An Abundance of Genius

John Taylor Gatto was a teacher for nearly 30 years, including working with disadvantaged youth in urban New York City public schools. He was named New York City Teacher of the Year in 1989, 1990, and 1991, and New York State Teacher of the Year in 1991. That was the same year he wrote a letter announcing his retirement, titled “I Quit, I Think”, published in the op-ed pages of the Wall Street Journal. In the letter he wrote that he no longer wished to “hurt kids to make a living”. He has since gone to a second career as a writer, speaker and advocate for unschooling, and I have read several of his books and heard him speak twice.

Maybe from years of being a talented teacher and trying to shock his students out of their classroom stupor, he has developed a rhetoric that is studiously and calculatedly provocative, including this statement…

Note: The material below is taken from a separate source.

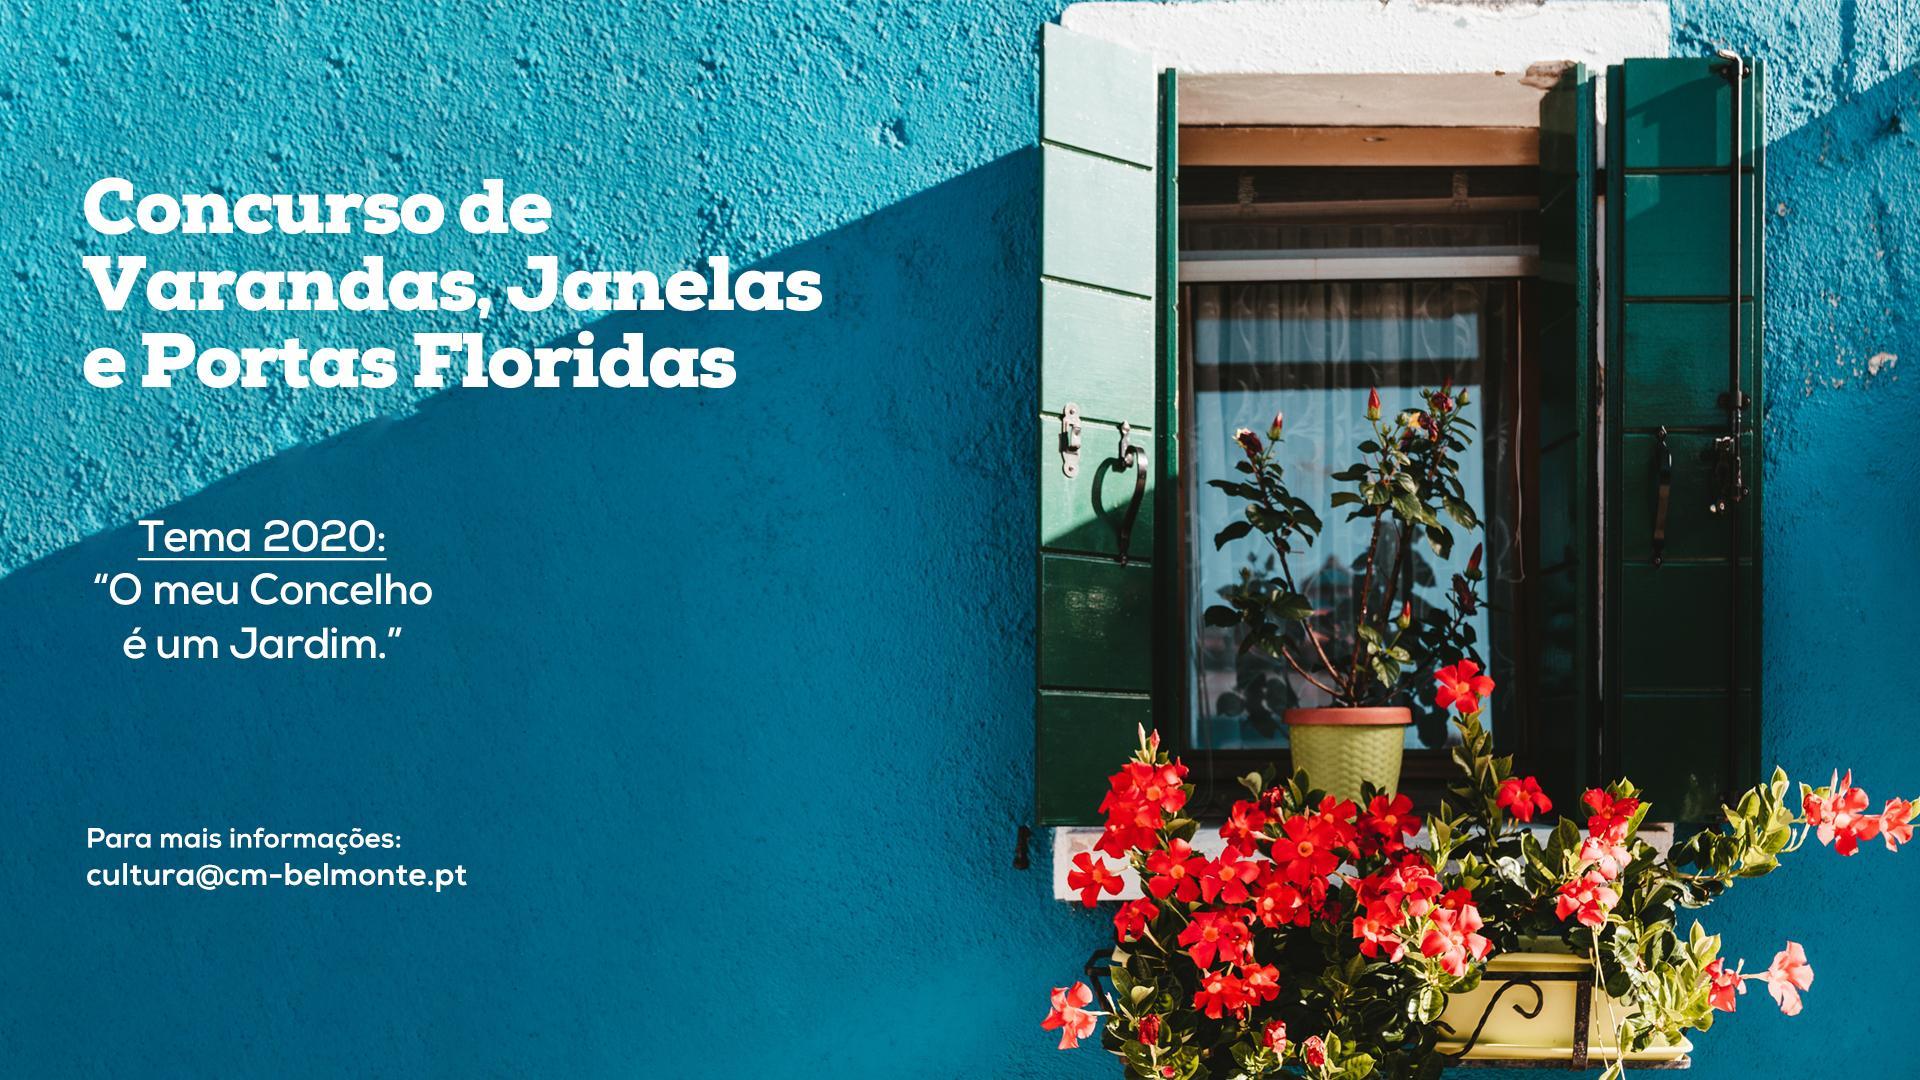 Concurso Portas, Janelas, Varandas Florida 2020
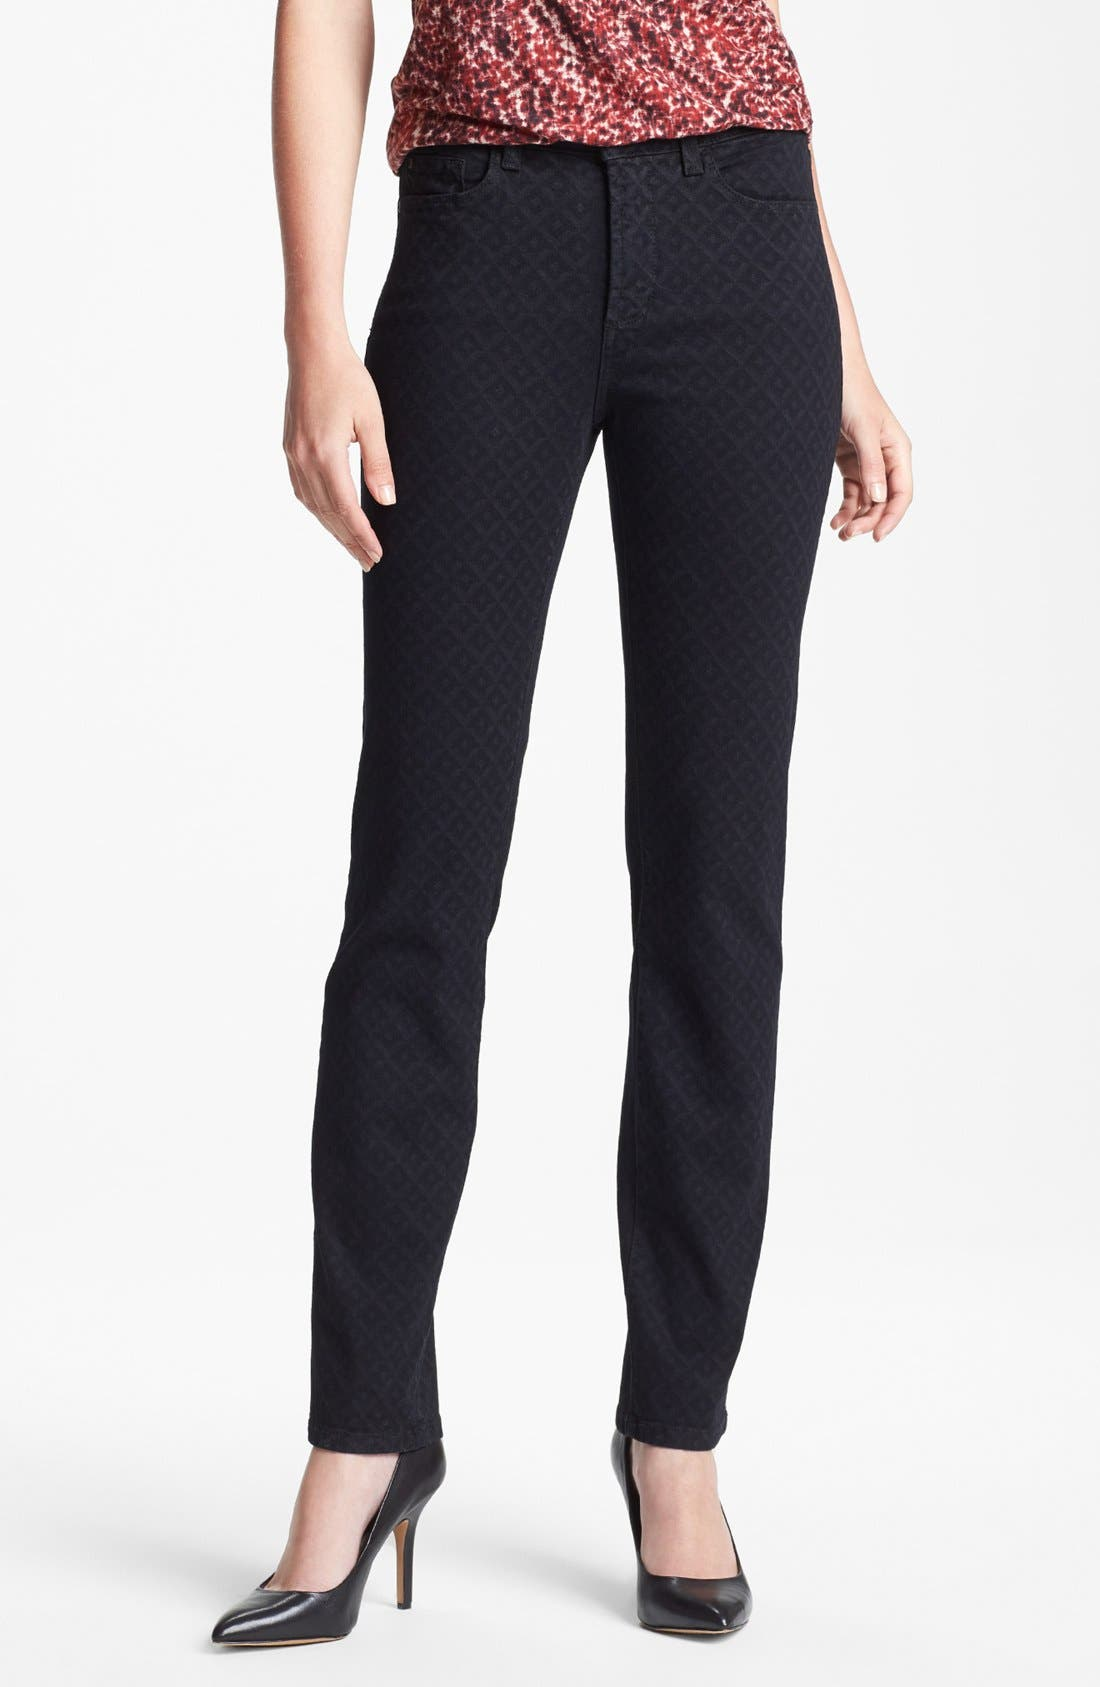 Main Image - NYDJ 'Sheri' Print Stretch Skinny Jeans (Regular & Petite)

I’ve come to believe that genius is an exceedingly common human quality, probably natural to most of us… I began to wonder, reluctantly, whether it was possible that being in school itself was what was dumbing them down. Was it possible I had been hired not to enlarge children’s power, but to diminish it? That seemed crazy on the face of it, but slowly I began to realize that the bells and the confinement, the crazy sequences, the age-segregation, the lack of privacy, the constant surveillance, and all the rest of national curriculum of schooling were designed exactly as if someone had set out to prevent children from learning how to think and act, to coax them into addiction and dependent behavior.